I've asked 4 questions to GPT 4.1 mini (the worst currently available model on ChatGPT), plus a double check by o3 (which is a system, not just a model — more on that below).

Write Rust code (with unit tests) that applies SIMD-vectorized ReLU to a f32 slice using std::arch.
https://chatgpt.com/share/68593c5a-7eb4-8013-9967-96e84530d198
Create a decision flowchart for diagnosing iron-deficiency anemia in primary care using ferritin, transferrin saturation, CRP, and colonoscopy referral thresholds.
https://chatgpt.com/share/68593c75-a428-8013-9e92-287bd48e7780
Prove every finite group of order p² is abelian.
https://chatgpt.com/share/68592f50-5edc-8013-bceb-30d5e85a1bc8
Draft a GDPR-compliant privacy notice for a wearable glucose monitor that transfers data to U.S. servers, citing legal bases and retention limits.
https://chatgpt.com/share/68593909-03f4-8013-a411-27cf0a3664aa

Can you provide better answers to all of them?

To any of them?

Can anyone?

Speaking for myself, I can barely understand the questions. Maybe a PhD could answer better... one of them.

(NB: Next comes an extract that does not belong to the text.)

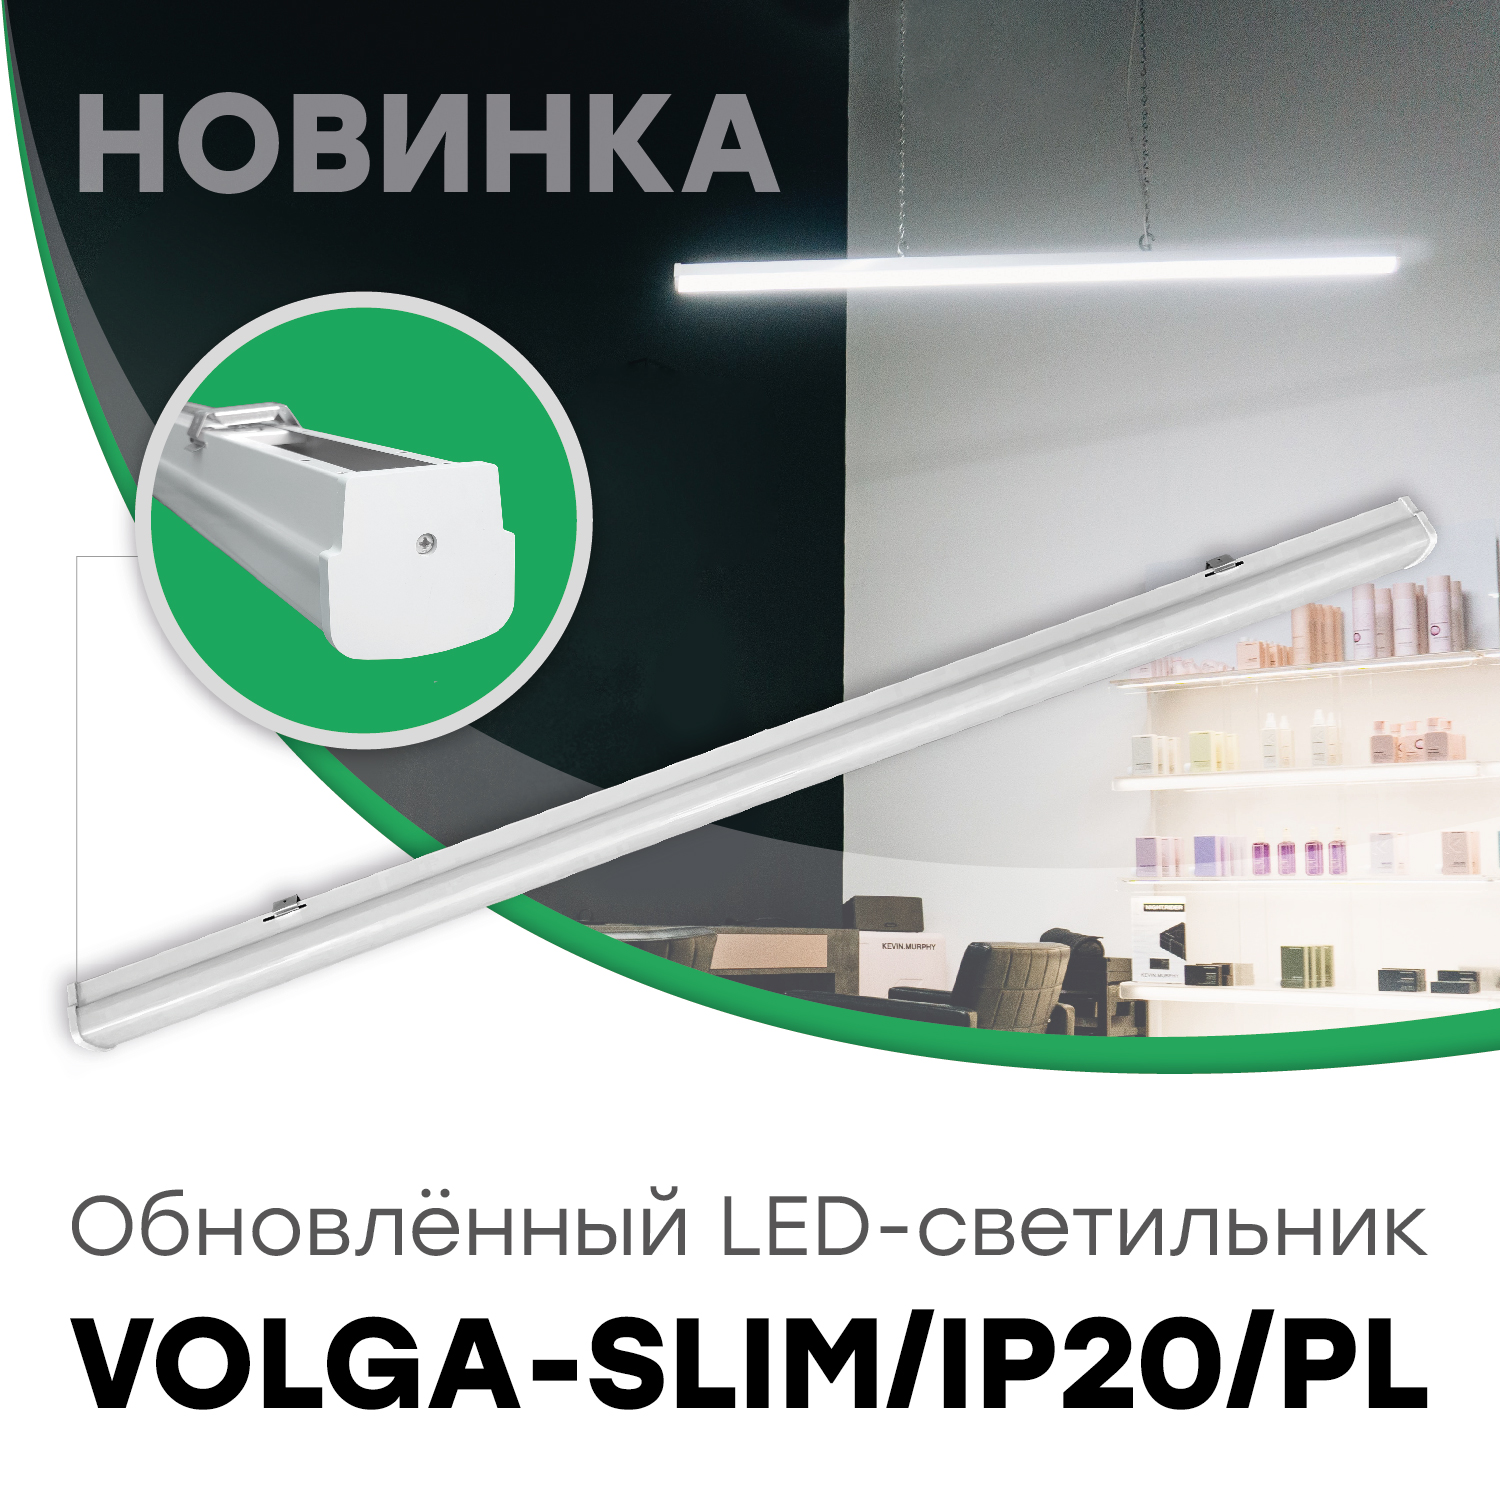 Обновлённый LED-светильник VOLGA-SLIM/IP20/PL

Of course if I had an infinite amount of time and access to all human tools (like the internet), I could. But that's not what it did.

All answers came in less than 3 seconds and on the first try. It's like if you replied instantly, word by word, with no prior search, no backspace, no drafting; nothing. Just pure instant answer like you do when asked what's 2+2.

Intelligence-wise, no single human beats a single GPT-4.

AGI has been achieved.

Right?

So why I'm not feeling the AGI?

...you'd ask me.

Or, more importantly, why do I still have to work?!

Well, let's picture what it takes to actually produce value. i.e. supply a product or provide a service that helps someone.

Say I want to publish a book on software development, which is a topic I'm comfortable with since I've been doing it for ~15 years.

Can I do it on a single session, like the GPT examples above? Can I sit down, open my preferred text editor, and just type it word by word until it's done?

Of course not!

I need to iterate (a lot!) on it.

I'll write, re-write, research, change my mind, read it again and again, fix typos, and lot more, until it's done. And that takes time!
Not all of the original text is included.